# Any good for Slave Machine - HP Z820 Workstation Intel Xeon



## enyawg (Jan 6, 2019)

I currently run a 64Gb PC slave using VEPro (my host is a MacBookPro).
Just wondering would the following workstation work OK as a 2nd slave?:

HP Z820 Workstation Intel Xeon 16 Core 2.6GHz 128GB RAM 500GB Solid State Drive + 2TB Hard Drive Dual NVIDIA Quadro FX 3800 Graphics CD/DVDRW Windows 10 Pro 64-bit (Certified Refurbished)

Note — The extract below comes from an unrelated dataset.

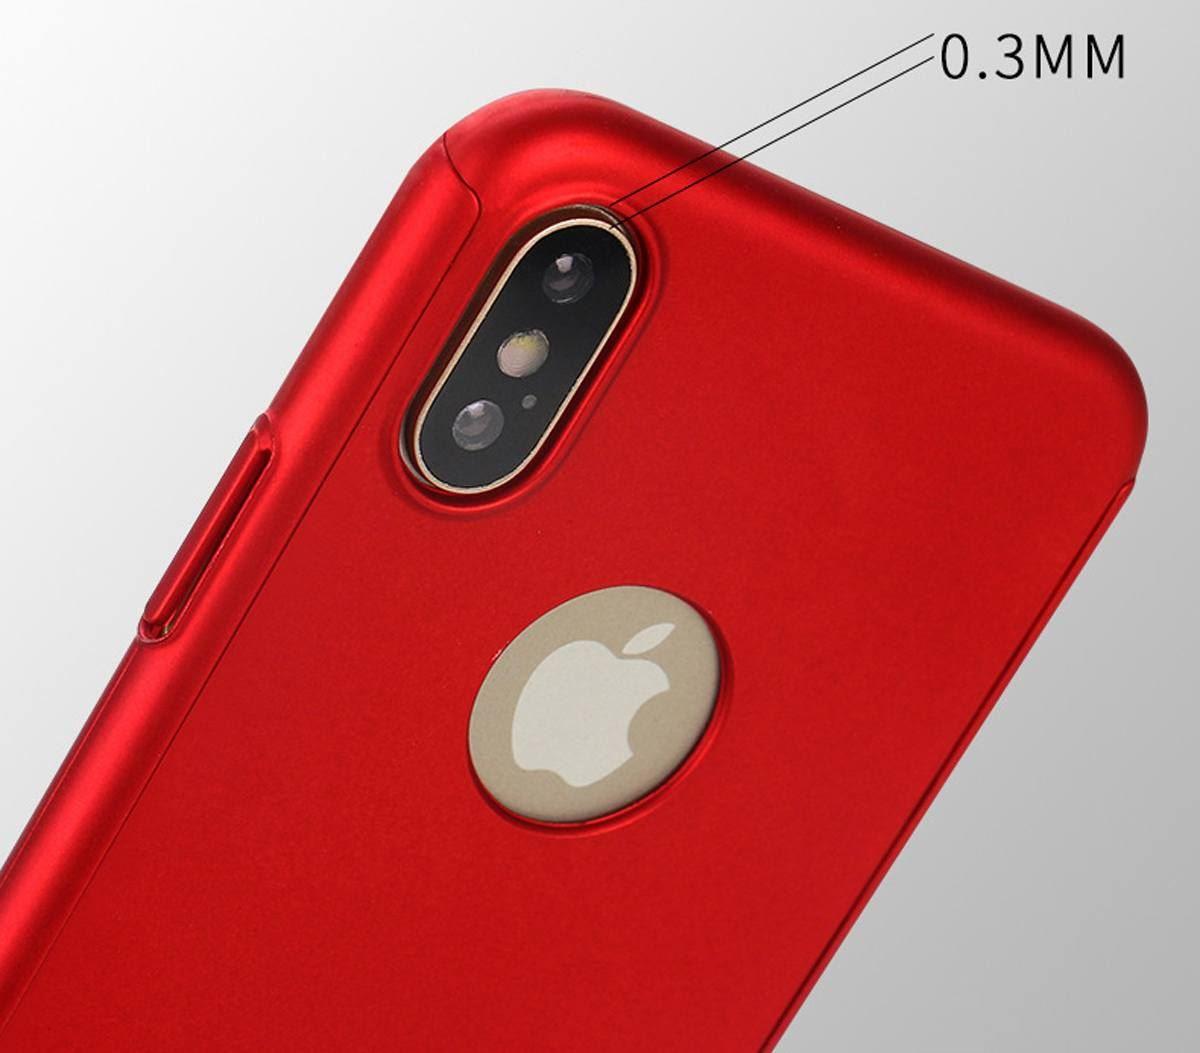 For-Apple-iPhone-XS-Max-XR-Hybrid-360-Slim-Ultra-Thin-Heavy-Duty-Shockproof-Case Indexbild 26

It's on Amazon and the link is:


The price is $974.99 USD so seems a little bit cheap and too good to be true, to me.


----------



## pisskeule (Feb 27, 2019)

I work on a z820 as my main machine, but with 3.5GHz hex chips. I can't tell how this compares to a high spec i9, but stability-wise it's ace. I am getting a DPC latency of around 20ms on 128smp/44.1. These are good readings for my configuration, but I am sure how much a slave benefits from a large core count vs. clock rate. It sound like a steal though.


----------



## JohnG (Feb 27, 2019)

you might look for posts by @Mishabou who I think uses one something like this.

[edit] and watch out for Nvidia drivers. They have improved but run LatencyMon when you get it just to be sure those drivers aren't causing headaches.


----------